The Spike or Victoria University College Review June 1926
On Monday evening the Allen Hall, Otago University, was filled by students and members of the public in honour of the Annual Debate for the Joynt Scroll.
The subject was, "That racial equality within the British Empire is a desirable end." The Judges were the Hon. C. E. Statham, M.P., the Rev. Tulloch Yuille, M.A., B.D., and Mr. H. E. Barraclough, LL.B., and the Mayor of Dunedin, Mr. H. L. Tapley, M.P., occupied the Chair.
The first debate was between Victoria, on whose behalf Mr. W. P. Rollings and Mr. R. M. Campbell affirmed the motion, and Otago, which was represented by Mr. A. H. McClintock and Miss M. Todhunter. Mr. Rollings was greeted with a volley of applause, which continued for some minutes, and was resumed shortly after the commencement of his speech. He explained that a large majority of the world's population, belonged to the coloured races, and the suggestion was that these peoples should eventually control their own destinies. A portion of the audience was seemingly convinced at this stage and evinced no particular keenness to hear further argument. Mr. Rollings's remarks closed, as they had opened, in vociferous applause. Mr. McClintock announced that his opponent had completely misconstrued the subject of the debate. Intermarriage was one of the necessary consequences of racial equality, and no attempt had been made to justify that.

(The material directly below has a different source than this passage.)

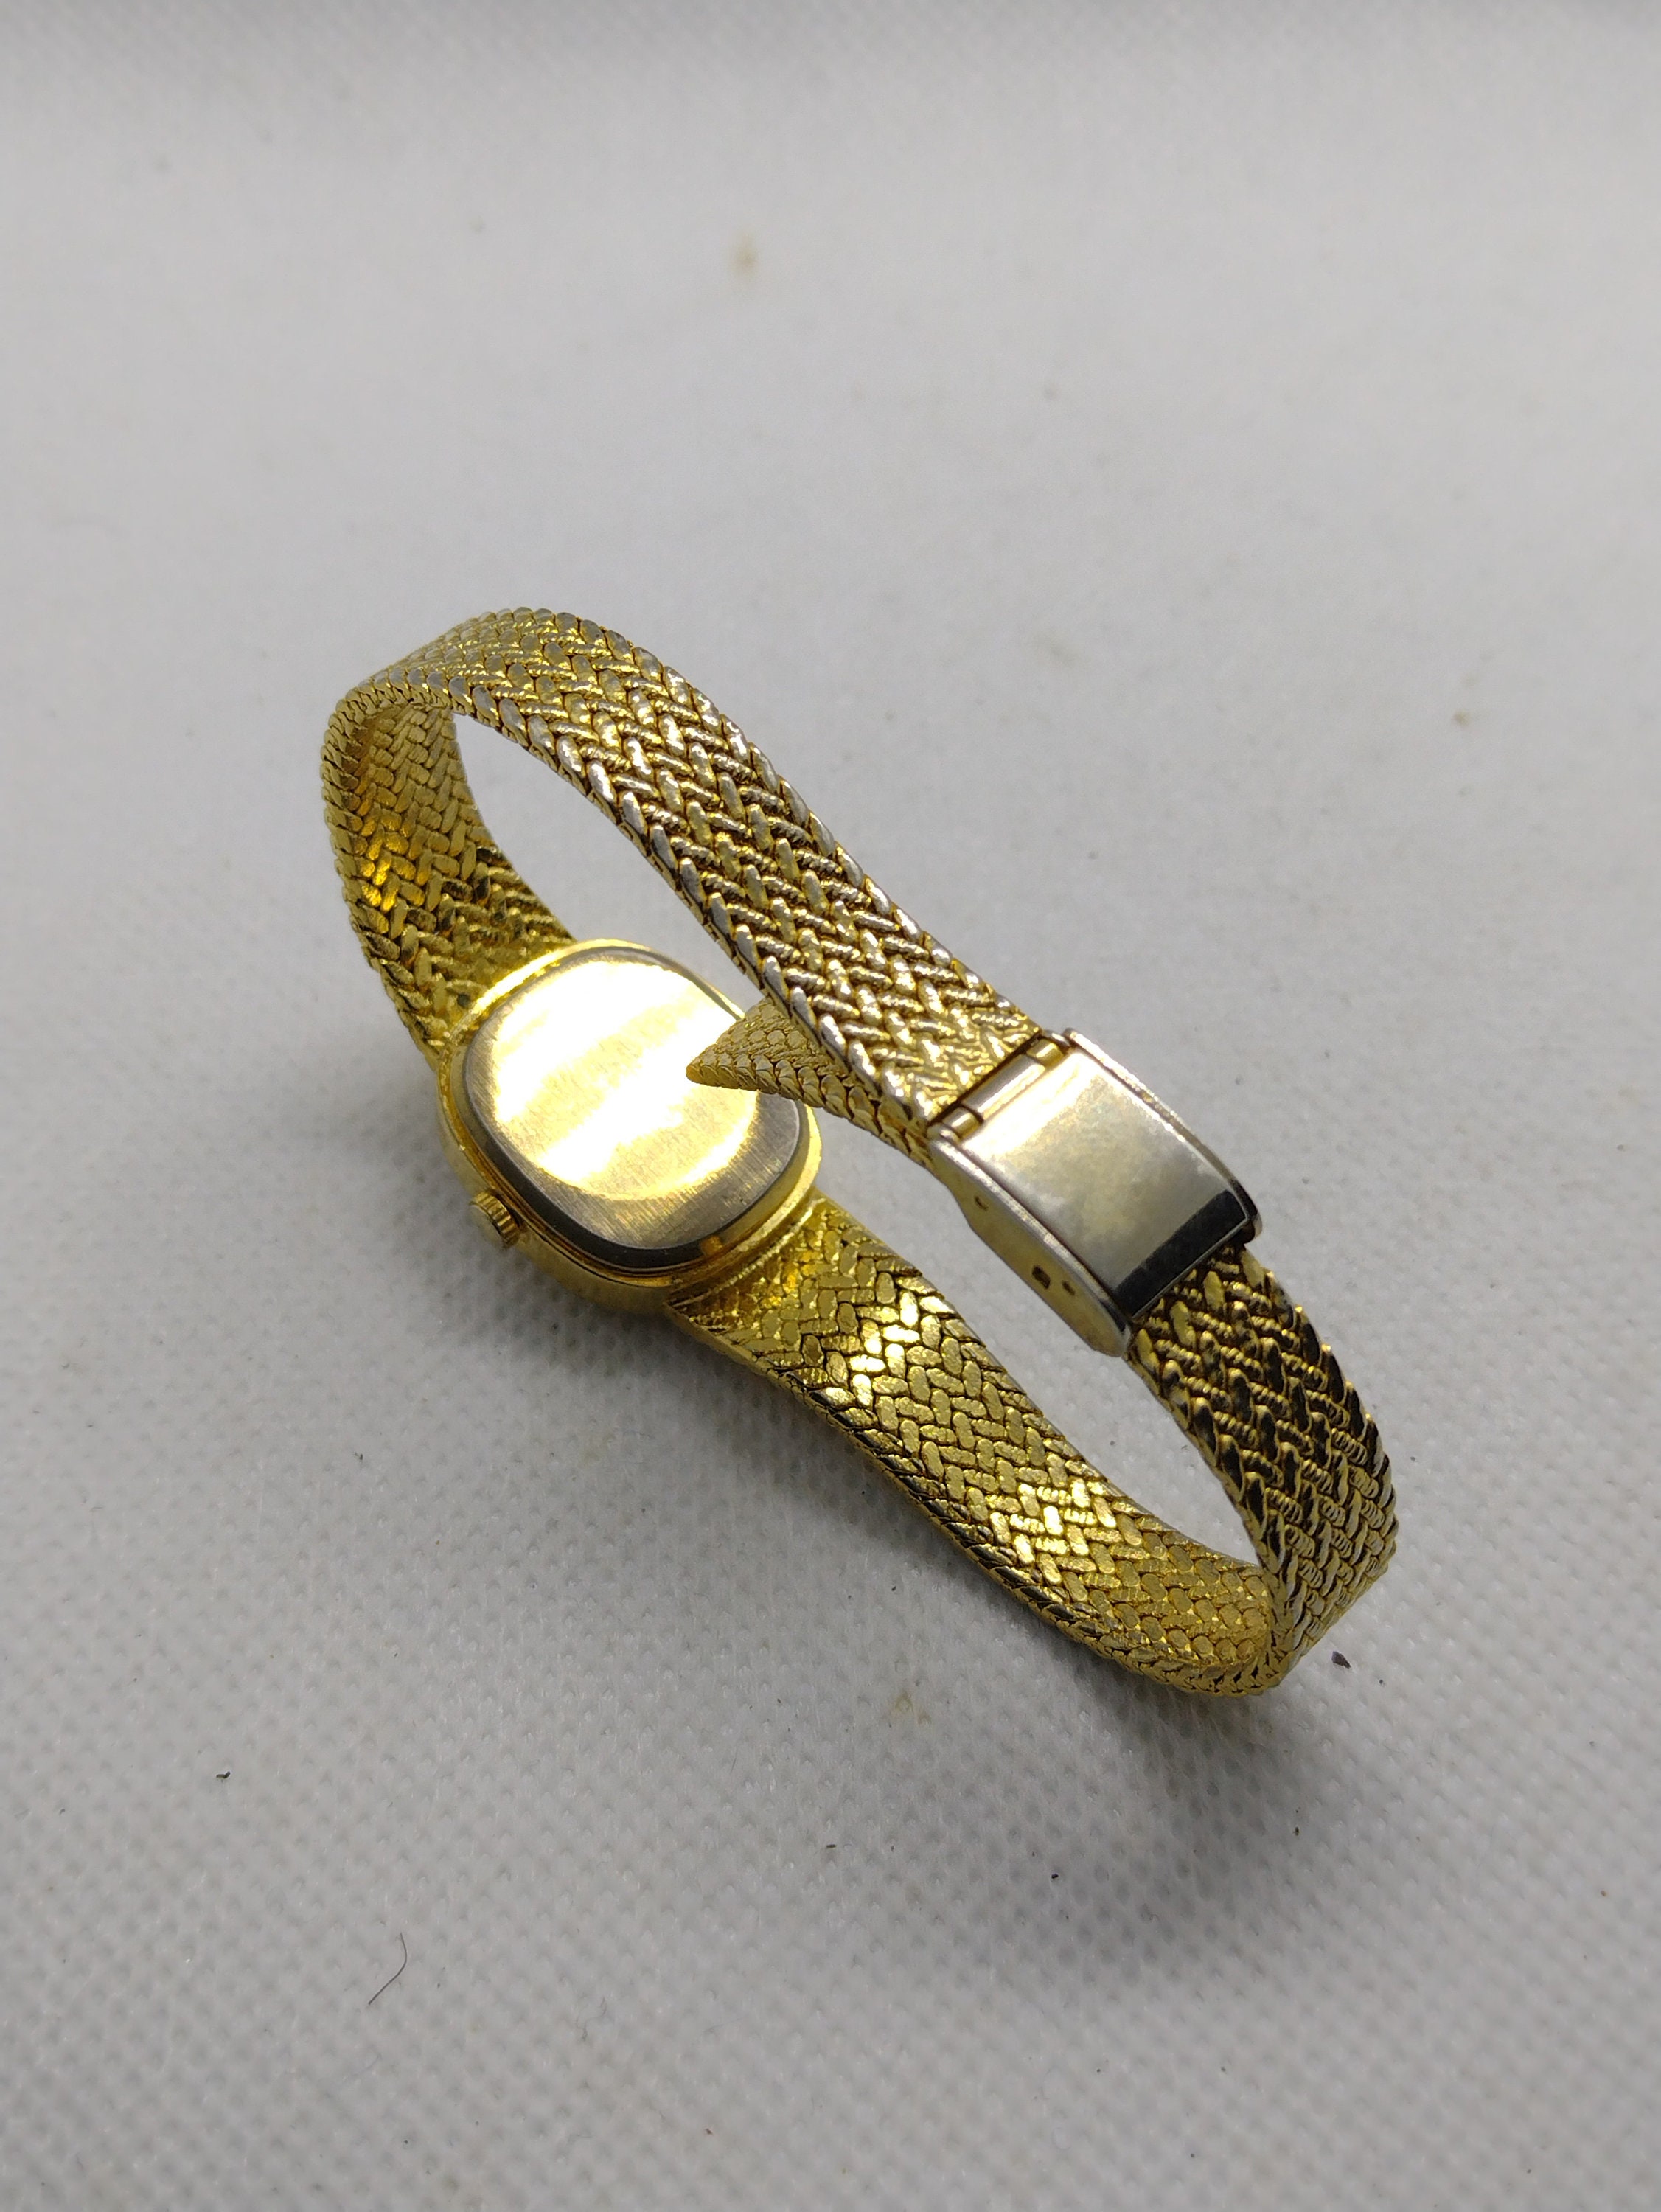 Guess Women'S Imitation Pearl Gold-Tone Multi-Chain Bracelet Watch 30X26Mm  U0140L2 in Metallic | Lyst

The speaker foreshadowed general chaos and confusion if ever a measure of racial equality was reached; he, too, was warmly applauded at various intervals throughout his address. Mr. Campbell met with a more appreciative reception than either of his predecessors, and had page 28 perforce to administer his gospel to his hearers in small acid doses, which were lavishly honeyed by the performers in the audience. The present state of relationships between the white man and his coloured brother was, like charity, twice cursed: it blighted both patron and patronised. The speaker intendeed to deal more particularly with the effect on the white man, the overlord. At just about this stage the chairman's bell added its vigorous tinkle to the general uproar, and after a brief attempt to overcome their combined effect, Mr. Campbell desisted. Miss Todhunter then rose silently in her place and gazed penetratingly upon the audience for some minutes. She proceeded to wind up the debate by a general criticism of her opponents, and announced her lack of faith in the coloured man's ability to reach the standard of the white man. The disintegration of the British Empire was also probable if the motion were approved of.
In opening the second debate, Mr. Leonard, of Auckland, placed himself in a judicious position near the dividing fence. All racial talents and characterists were to be employed in cooperation: nevertheless it was dangerous and ill-advised to give immediate enfranchisement. The white man's role as a ruler (which words could scarcely overpraise) was challenged, and India demanded self-government, in addition to good government. As risings might occur, costing millions of pounds to quell, it was advisable to commence a movement towards racial equality. Mr. Leonard concluded a well-managed speech with an effective quotation from Winston Churchill. Canterbury's first speaker, Mr. Haslam, indicted Mr. Leonard for evasion of the point. He pictured his opponents, in pursuance of their motion, entering into the bonds of matrimony with a Hottentot woman, and declared that the resultant offspring would be "a living chaos." In retort to an interjection, "Is there much water in the Avon now?" Mr. Haslam repeated the moss-covered reference to a certain painful disease of the brain. While Mr. Butler described the British Empire's unique position and responsibilities guardian of many a national welfare, the occupants of the back of the Hall returned to their genial task of enlivening the proceedings. The speaker declared that the average schoolboy—(prolonged and enthusiastic applause). There was a popular song, "Let the rest of the world go by "—(Audience much taken with said song). Canterbury owed a large debt to Mr. Brassington, who battled on bravely, facing fearful odds, and was perhaps of all the speakers the least perturbed by interjectors. lie implored his hearers not to pursue a will o' the wisp that would lead to the destruction of the British Empire. He too, foresaw a state of chaos where different races attempted to live in unison, as two separate codes of law would then be essential. In short, racial equality was a chimera.
The Judges as usual reserved their decision and retired to consider it. They returned in due course and stood in a dejected manner about the middle of the Hall while the chairman received the results by private messenger and announced them to the audience. Canterbury won the Joynt Scroll; Mr. N. A. Leonard was the best speaker.